Encontramos uma situação de terra arrasada, com o enfraquecimento dos orçamentos e equipes totalmente intimidadas e desmotivadas. Encontramos o abandono do Plano de Prevenção e Controle do Desmatamento e do Fundo Amazônia. Não houve criação de novas unidades de conservação nem de terras indígenas; ao contrário, houve incentivo até mesmo à ocupação irregular de áreas legalmente protegidas. Tudo isso representou uma situação muito grave para as políticas ambientais e para a proteção dos ecossistemas e dos biomas brasileiros.
Nos últimos dois anos e meio, recuperamos essas políticas: ampliamos nossa capacidade de fiscalização em mais de 96% e fortalecemos as ações de prevenção e controle do desmatamento, alcançando, nos dois primeiros anos, uma redução de 46%. Foram 32% no país como um todo, 25% na região do Cerrado e 77%, segundo o dado mais recente, no Pantanal. Estamos atuando também na Caatinga e no Pampa para obter os mesmos resultados.
Neste ano também registramos uma redução nos incêndios. Aprovamos uma lei de manejo integrado do fogo e ampliamos o número de brigadistas para esse combate — hoje, são cerca de 4.300 pessoas. Também aumentamos em mais de 70% a capacidade de aeronaves, reforçando o transporte das brigadas de uma região para outra, tanto para áreas mais acessíveis quanto para as mais remotas.
Além disso, realizamos um amplo esforço de “desintrusão” das terras indígenas. Já obtivemos êxito na Terra Indígena Yanomami, Apitereu, Kayapó, Trincheira Bacajá No e na Terra Indígena Munduruku, das que eu me lembro agora. Fizemos esforços muito grandes, mas que ainda precisam ser fortalecidos porque, como disse, o Brasil é o único país que assumiu o compromisso de desmatamento zero e estamos perseguindo esse objetivo para que isso seja controlado em todos os biomas.
No Brasil, existe a possibilidade de uma rodovia importante, a BR-319, cortar o coração da Amazônia. Há uma tentativa de criar um corredor ecológico, mas em outras estradas, como a BR-163, isso não funcionou. A senhora é a favor dessa construção na Amazônia?

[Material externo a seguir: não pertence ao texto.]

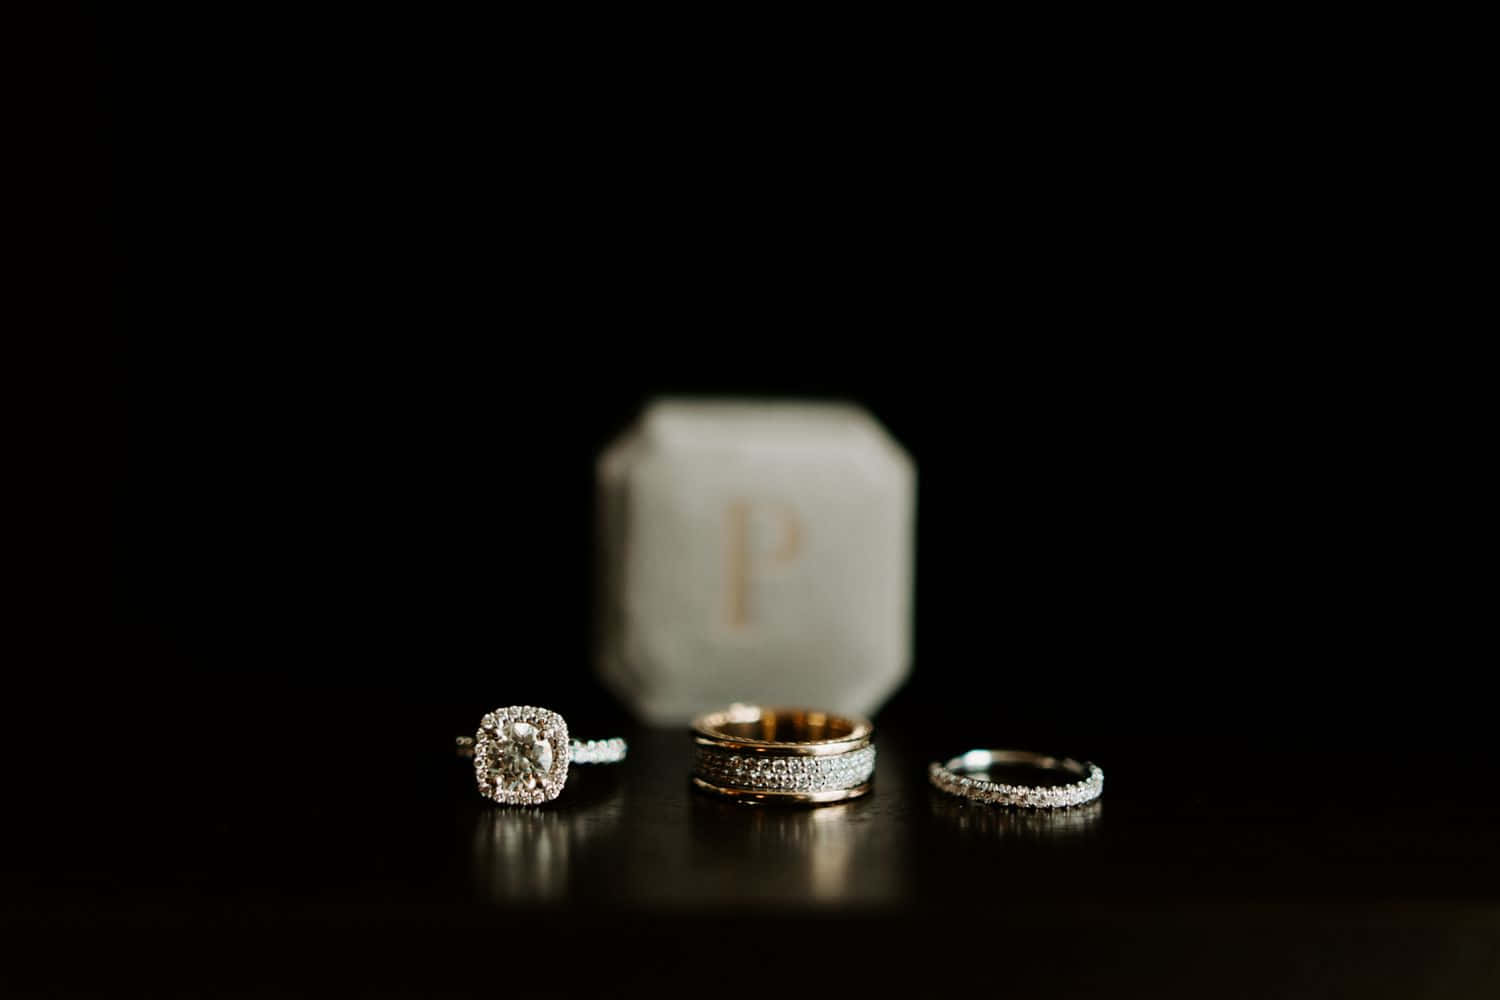 A beautiful set of wedding rings, capturing the perfect moment with a promise of never-ending love.

É um empreendimento altamente complexo. Fiquei 15 anos fora do governo e, mesmo aqueles políticos e lideranças bastante interessados em construir a rodovia sem os devidos regulamentos ambientais, não conseguiram fazer. São 400 quilômetros de estrada em plena área de floresta.
Estamos trabalhando para que seja realizado um estudo sobre toda a área de influência desse empreendimento, a fim de verificar sua viabilidade ambiental, sobretudo porque ali existem muitas comunidades indígenas, unidades de conservação e por ser uma área sensível. A BR-163, quando foi construída, também contou com um planejamento. Infelizmente, quando alguns governos mudam, nem sempre dão continuidade a esses planos.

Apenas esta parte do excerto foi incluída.